*TASK OBJECTIVE*
Word for word, restate the listing that follows and leave out the images.

*DATA BELOW*
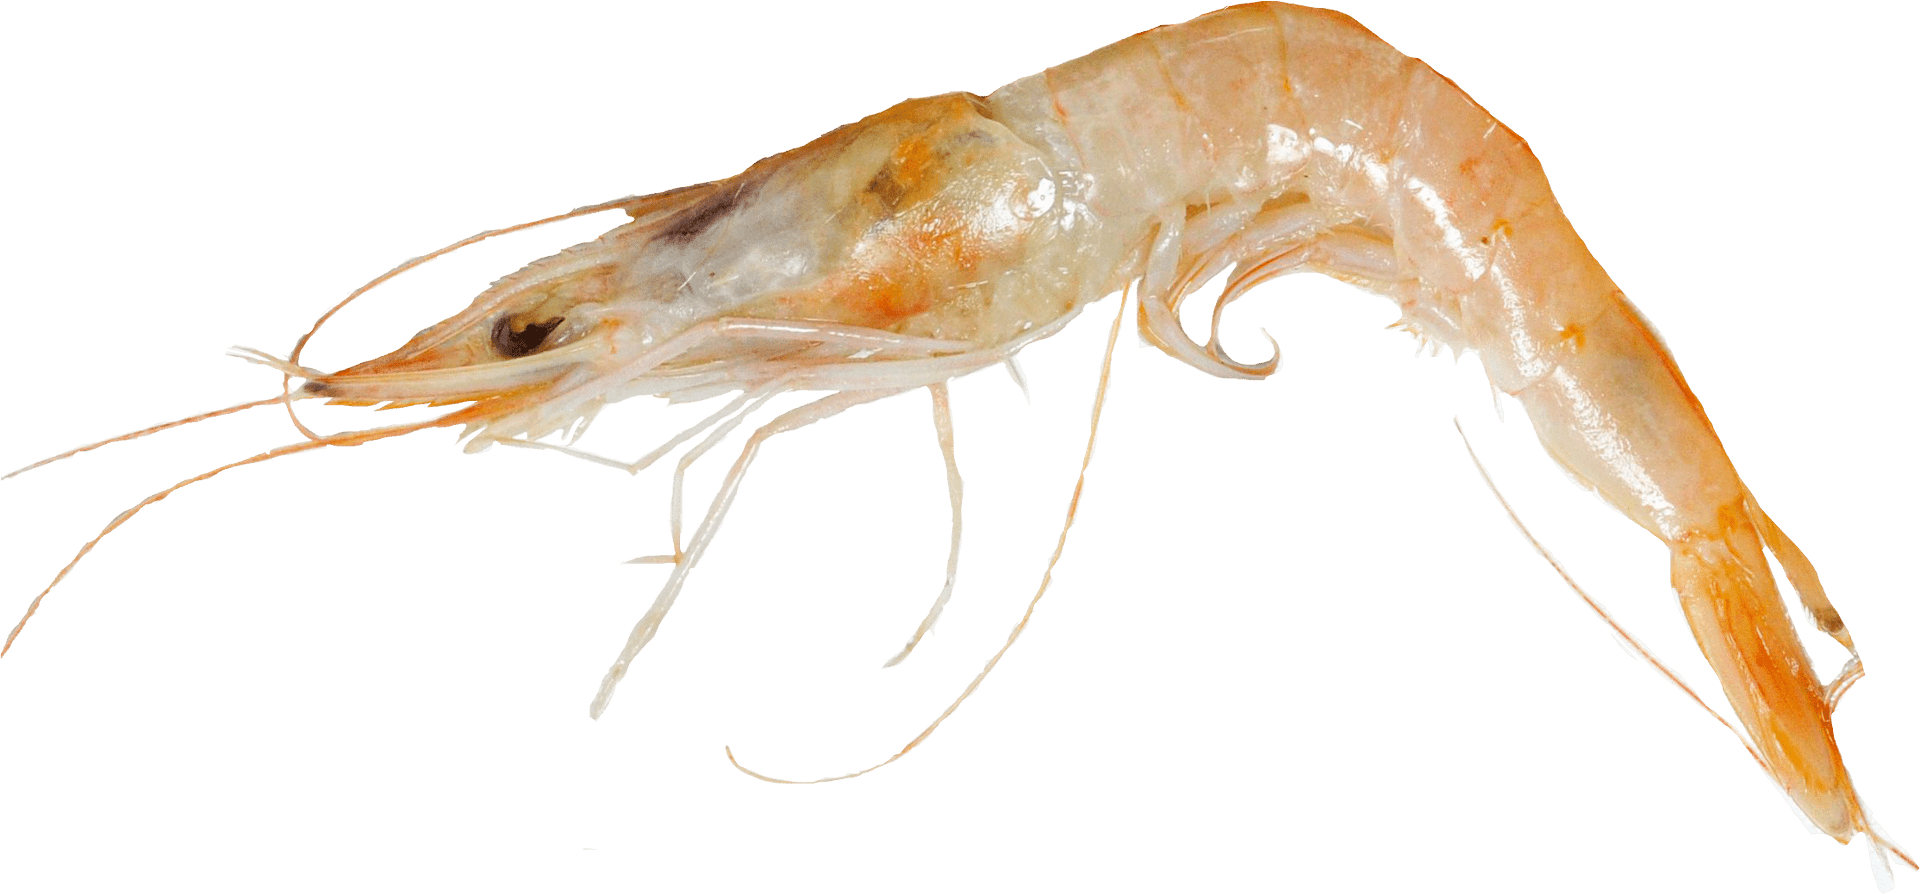 Single Cooked Shrimp Transparent Background PNG
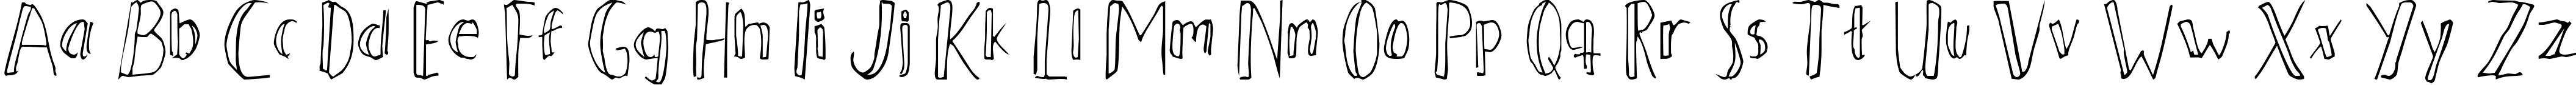 Пример написания английского алфавита шрифтом Ahnberg
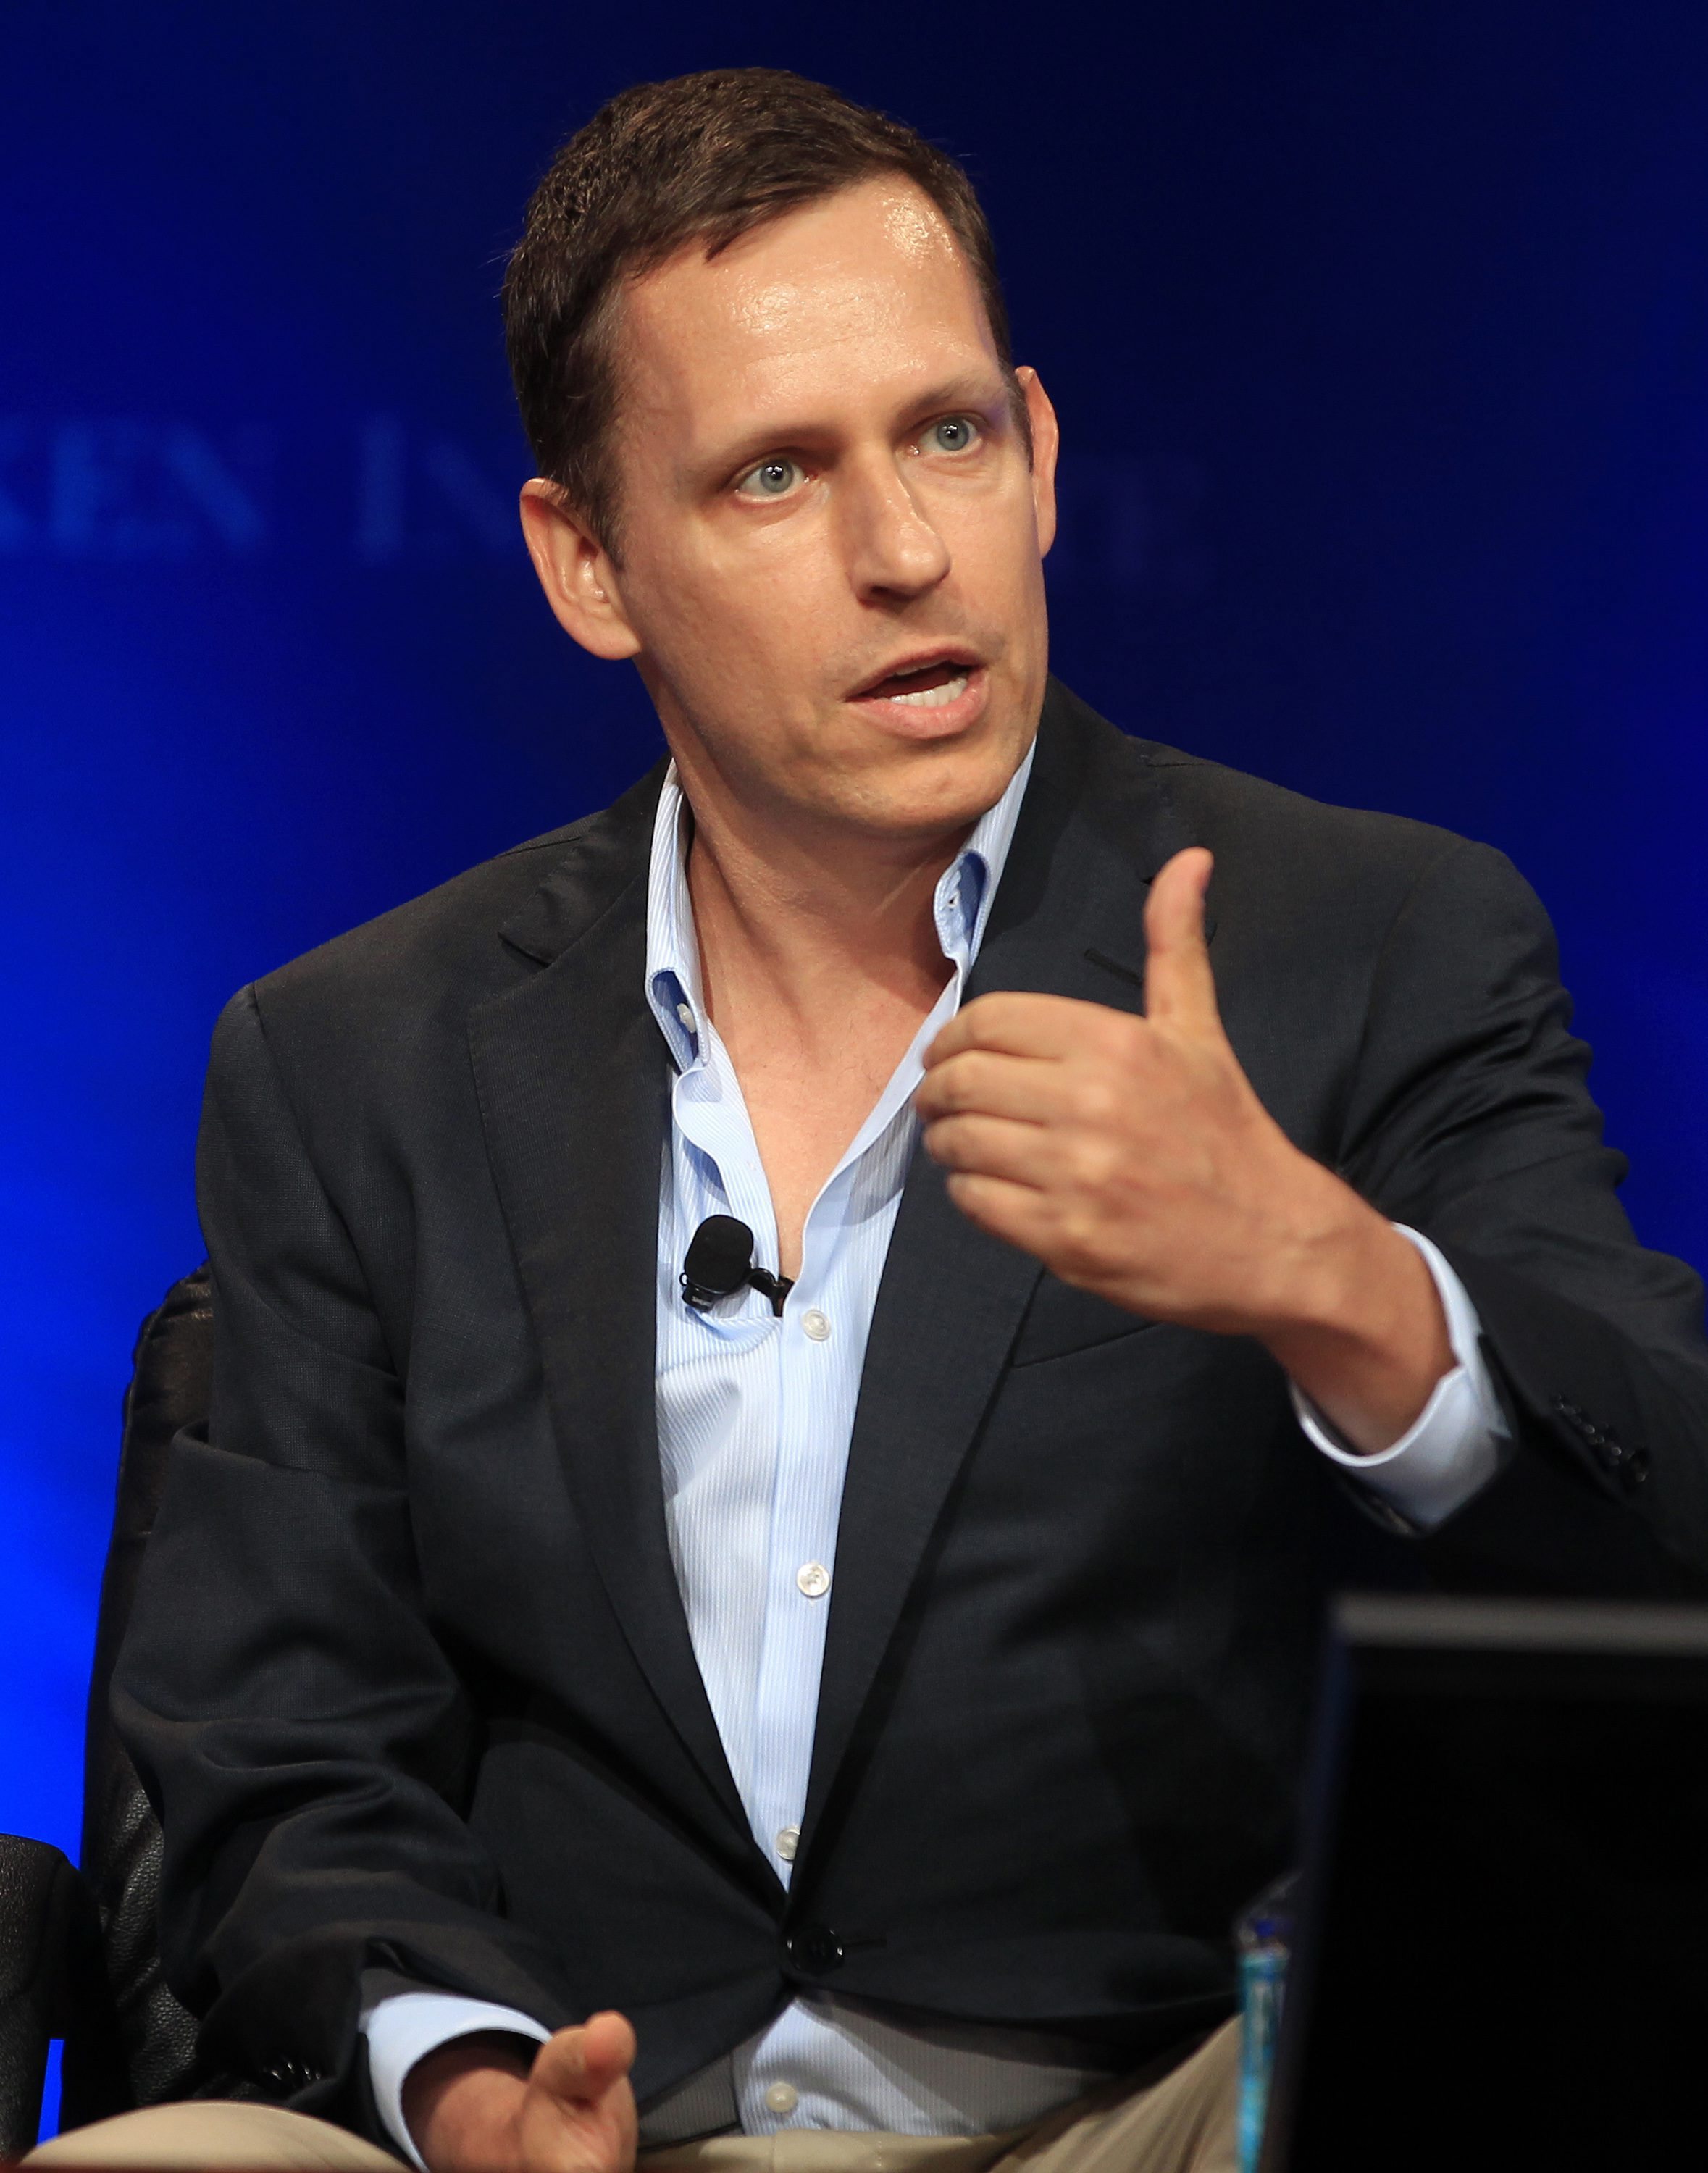 Peter Thiel, el inversor ultraliberal que desat el colapso bancario del Silicon Valley Bank

*RESPONSE TO THE TASK*
 Single Cooked Shrimp Transparent Background PNG
 Пример написания английского алфавита шрифтом Ahnberg
 Peter Thiel, el inversor ultraliberal que desat el colapso bancario del Silicon Valley Bank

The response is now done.